Recent

Author Topic: A simple sane question to end insanity! TStringList in unicode mode  (Read 24102 times)

EganSolo

  • Sr. Member
  • ****
  • Posts: 290
Re: A simple sane question to end insanity! TStringList in unicode mode
« Reply #15 on: August 15, 2017, 09:37:58 am »
My apologies, JuhaManninen, I did read the page with the link you gave me but I was not able to understand it. It must be me, so let me take a second read and see what it says exactly.

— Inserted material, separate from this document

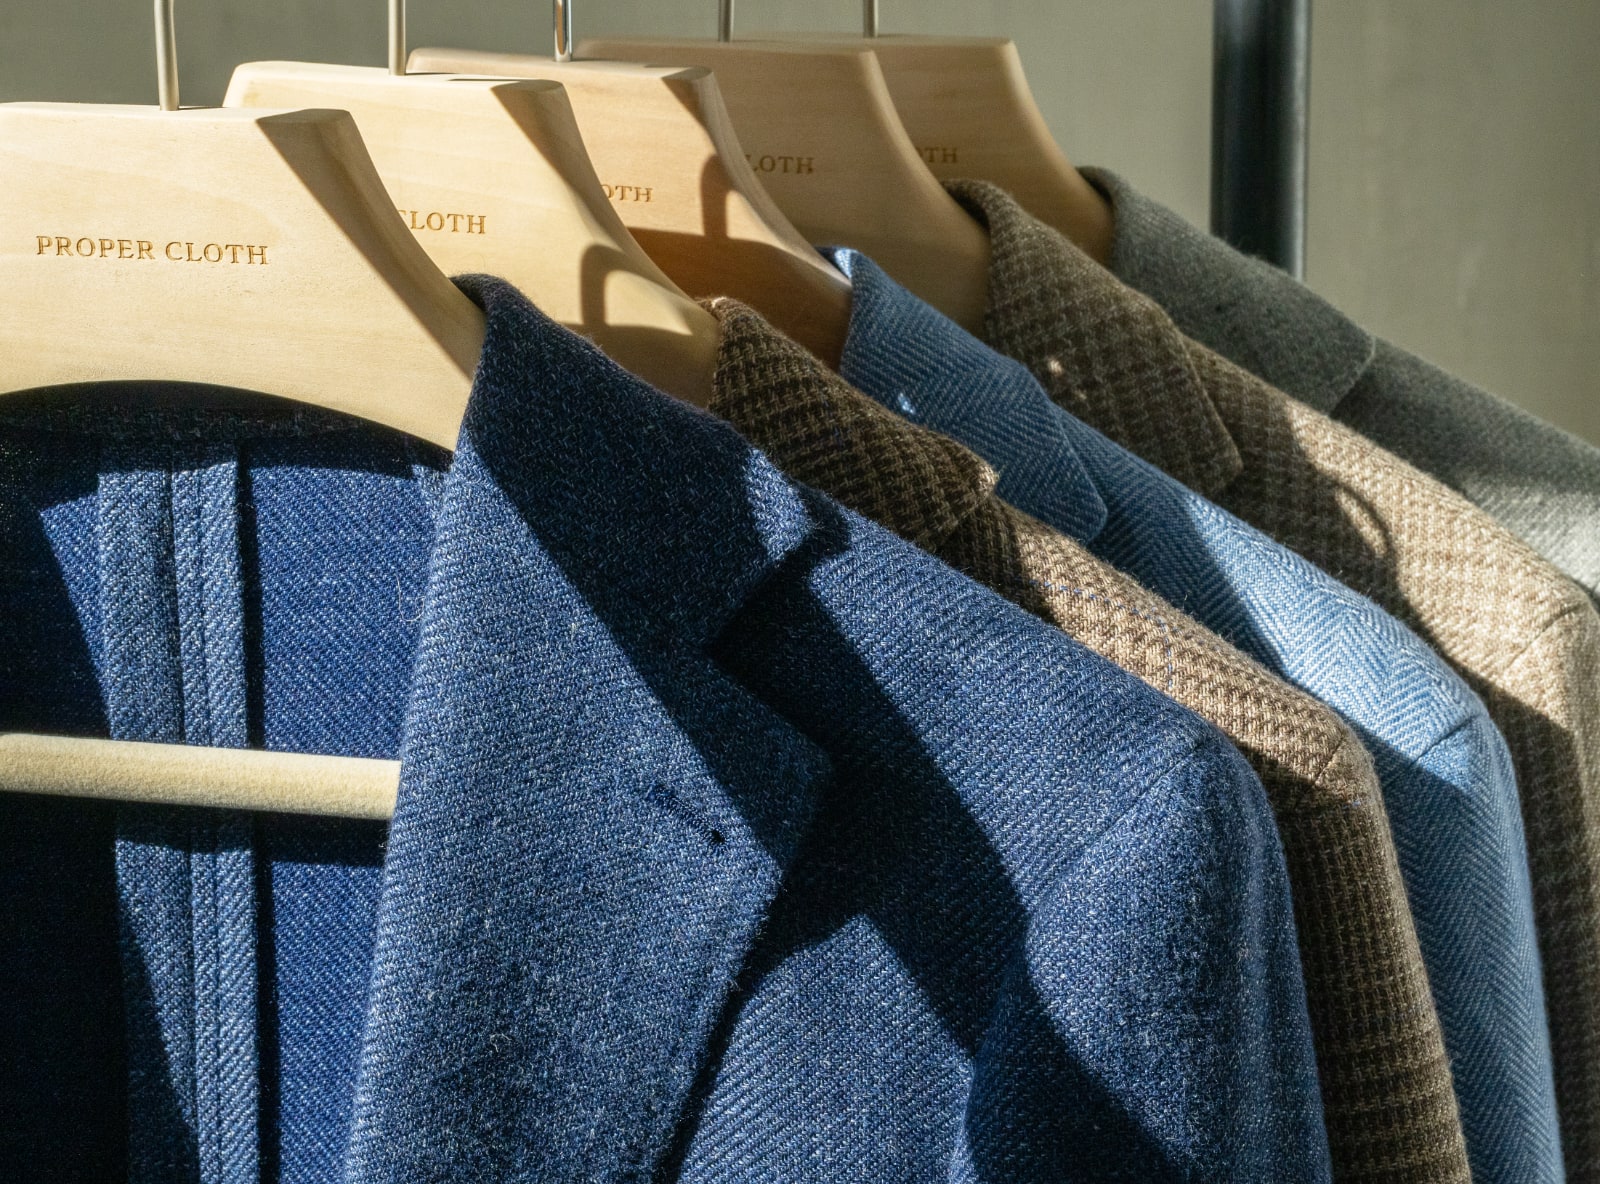 Proper Cloth, New Unstructured Jackets.

Not trying to be difficult.  :) It's just this is not a straightforward topic.

EganSolo

  • Sr. Member
  • ****
  • Posts: 290
Re: A simple sane question to end insanity! TStringList in unicode mode
« Reply #16 on: August 15, 2017, 10:46:53 am »
So, I've read these pages again and I hope I understood this right.
Here's a sample program I wrote, based on what I thought I read in these pages...
Code: Pascal  [Select][+][-]
  1. program Project1;
  2. Uses LazUTF8, Classes;
  3. Var SL : TStringList;
  4. begin
  5.   SL := TStringList.Create;
  6.  
  7.   With Sl do
  8.   begin
  9.     Sorted        := true;
  10.     CaseSensitive := True;
  11.     Add('Garçon'  );
  12.     Add('Èternuer');
  13.     Add('éternuer');
  14.     Add('B');
  15.     Add('a');
  16.     //Next line does not compile
  17.     //Add(StringOfChar('ö', 5));
  18.   end;
  19.   Writeln('1: ' , SL[0]);
  20.   Writeln('2: ' , SL[1]);
  21.   Writeln('3: ' , SL[2]);
  22.   Writeln('4: ' , SL[3]);
  23.   Writeln('5: ' , SL[4]);
  24.   readln;
  25.   SL.Free;
  26. end.                
  27.  

When I run this code, I get the following output:
1: a
2: B
3: éternuer
4: Eternuer
5: Garçon

Three things to note:
  • Is 'a' supposed to be less than 'B'? In the ascii table, 'a' is greater than 'B'. Am I forgetting to switch to the right code page?
  • The accent on the upper E is missing... it should be É but I get back E.
  • StringOfChar seems to be hardcoded to ansiChar and it does not seem to switch to unicode. In fact, if you uncomment the one commented line of code, you'll get a compiler error.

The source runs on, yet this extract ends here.